4. While the squash roasts, work on the filling. Heat a large skillet over medium heat. Add the Italian sausage and cook, stirring occasionally, until the sausage is fully cooked and browned. This will only take 5 to 7 minutes. Using a slotted spoon, remove the sausage from the pan. Leave the drippings in the pan to cook the other ingredients in.
5. Add the olive oil, chopped onion, chopped mushrooms, diced apple, minced garlic, chopped thyme, salt, and black pepper to the skillet. Cook until the onion and apple are very tender and almost all of the moisture has evaporated. Don’t rush this step. It will take about 10 to 12 minutes.
6. Remove from the heat and add the sausage back to the pan. Stir in the cheese.
7. Once the squash is ready, carefully remove the halves from the oven and flip them over on the sheet pan using tongs. Divide the sausage and apple filling equally among each squash half, mounding it in the cavity.
8. Sprinkle with additional cheese. Bake for another 5 to 10 minutes or until the cheese is melted and beginning to brown slightly. Bake time here will depend on the type of cheese you choose. If you go with fresh crumbled feta, for example, it won’t melt but will become warm and slightly soft after a few minutes in the oven. Let the stuffed acorn squash with sausage cool for a few minutes before digging in.
Pro Tips for Making this Recipe
- No need to peel the squash. Because the skin on acorn squash is so thin and bakes up tender, you don’t need to peel them before roasting. In a pinch, you can substitute the acorn squash for spaghetti squash. The initial bake time may increase a bit until the squash is tender.
- Scoop out all the stringy bits. No one likes stringy squash! Make sure you scoop out all the seeds and stringy bits from the center of the squash halves.
- Get creative with the filling. If you want to up the ante on the fall flavor in this dish, add a handful of dried cranberries and chopped pecans to the filling. A little grated nutmeg and allspice also add a cozy, spiced flavor.
- You can use your favorite cheese in this recipe! Parmesan cheese, gruyere, smoked gouda, cheddar, feta, and goat cheese are all delicious options. If you are using cheese that needs to be shredded, do so at home instead of buying the pre-shredded kind. Pre-shredded cheese has additives to prevent clumping, which stops it from being decadently melty when baked.
- Vegetarian option. For vegetarian stuffed acorn squash, omit the sausage. To bulk up the filling, you can add more mushrooms (perhaps a heftier kind like Portobello), drained and rinsed canned chickpeas or white beans, or your favorite cooked grain. Wild rice, quinoa, and farro would work very well!
Frequently Asked Questions
No, you don’t need to peel acorn squash. The thin skin is edible and becomes tender when roasted.

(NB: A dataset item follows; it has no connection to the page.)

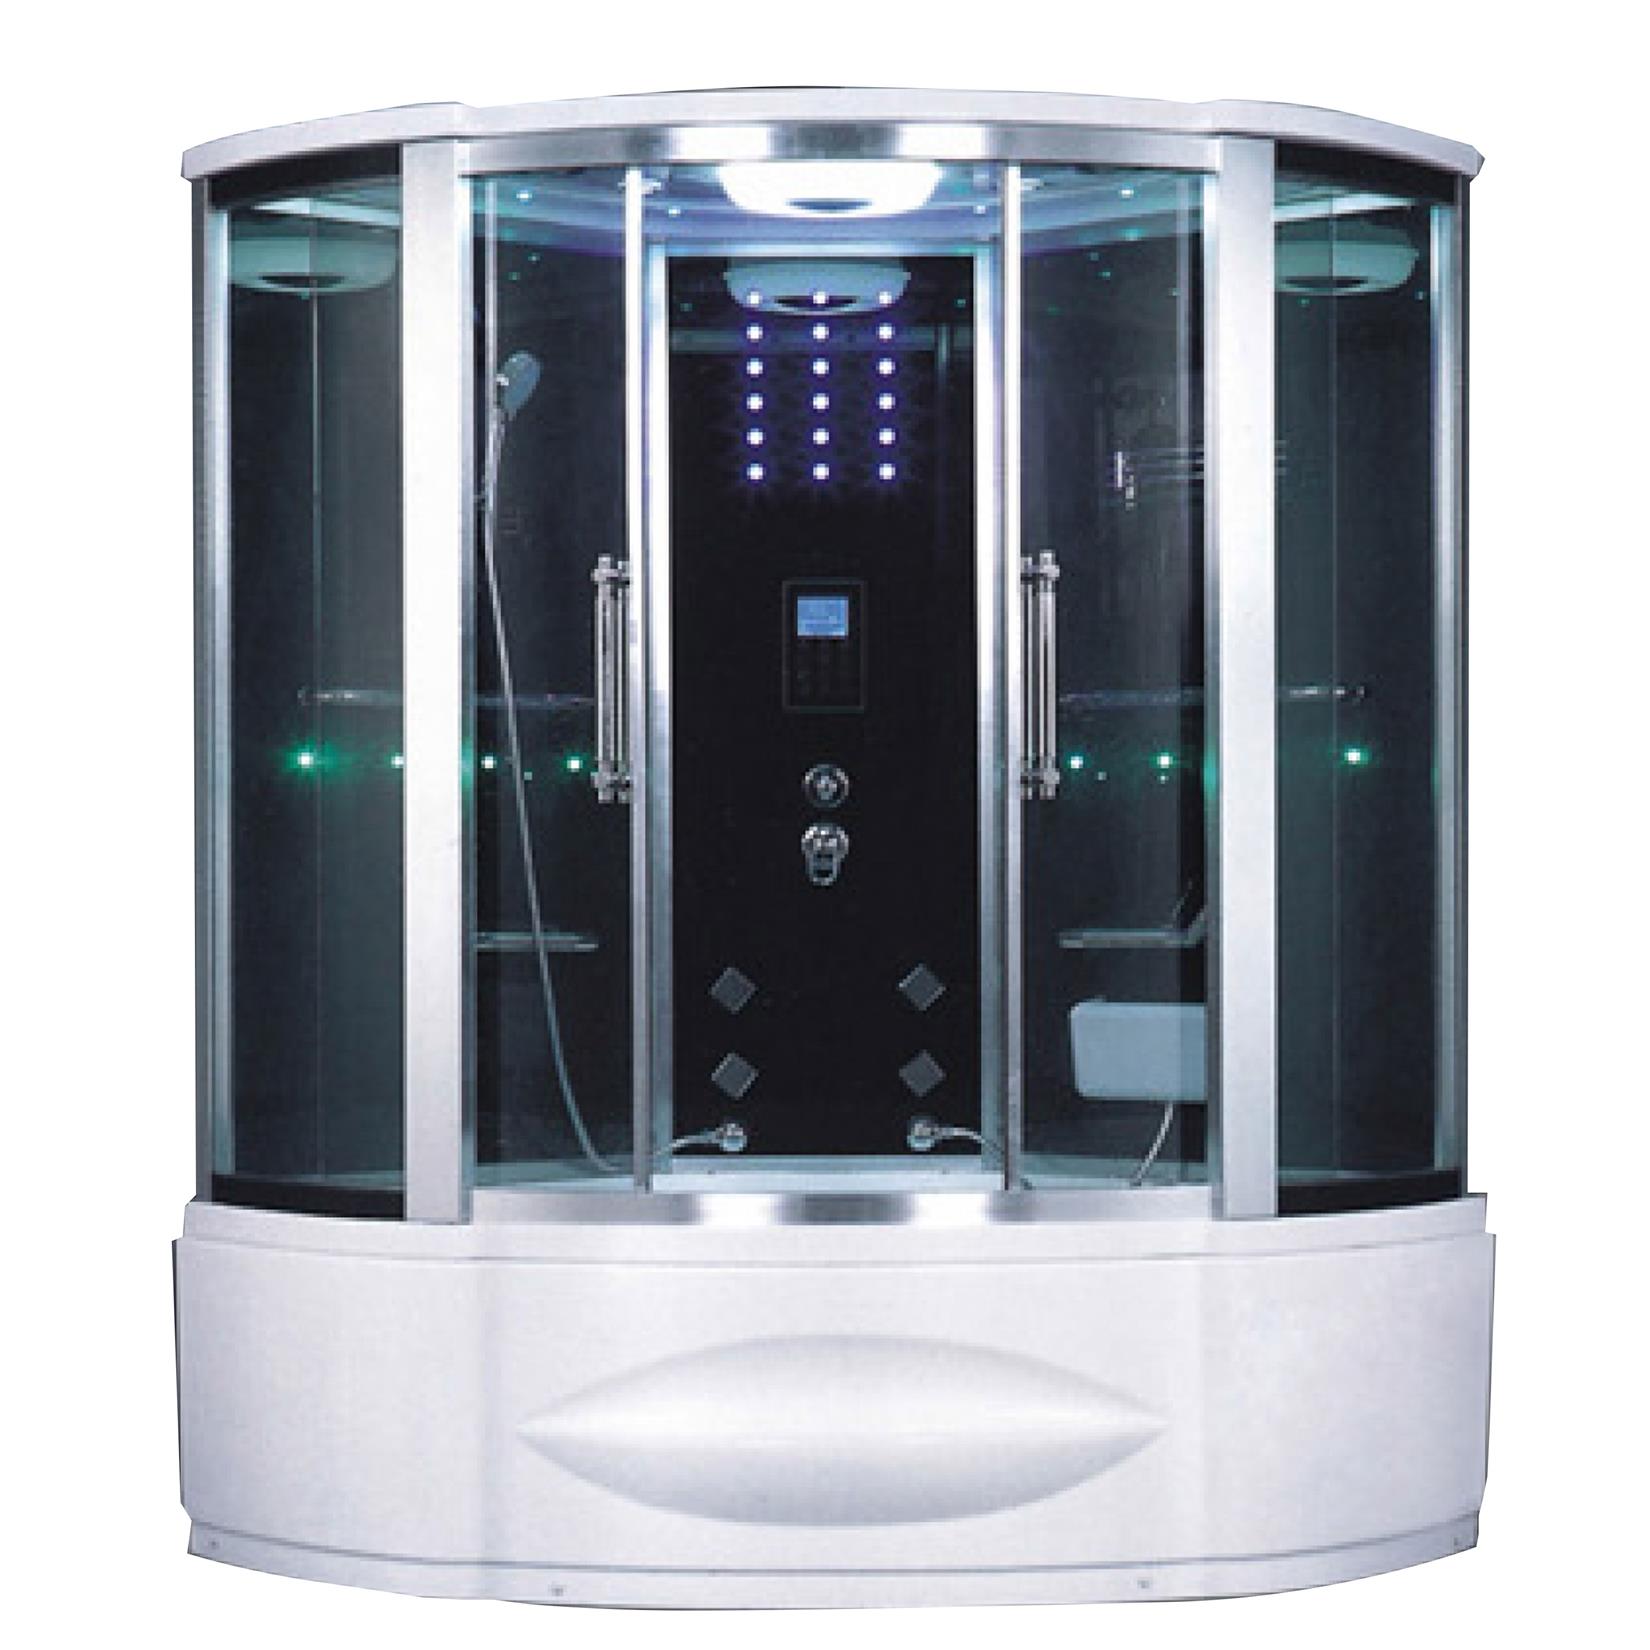 Steam Bath Design/ Personal Acrylic Steam Cabinet Shower/Dubai Steam Room Supplier  HS-A9146

My stuffed acorn squash recipe is really quick, so I typically just make it the day I want to serve it. You could make the filling a day or two ahead of time and store it in an airtight container in the refrigerator. Reheat it on the stove over medium heat before filling the roasted acorn squash.
Stuffed acorn squash makes a convenient weeknight meal, but it’s also elegant enough to serve as a hearty holiday side dish! If I make it for my family for dinner, we start with a salad (my kale salad with dried cranberries is a festive option). If I serve it as a Thanksgiving side dish, it pairs beautifully with roasted turkey.
Leftovers keep well in an airtight container in the refrigerator for up to 3 days. Reheat at 350°F on a baking sheet until warmed through.
You can freeze stuffed acorn squash. Once the stuffed squash has cooled completely, carefully wrap each half in plastic wrap and aluminum foil. Place the wrapped squash in a freezer-safe container and freeze for up to 3 months. Thaw overnight in the refrigerator and reheat in the oven as explained just above.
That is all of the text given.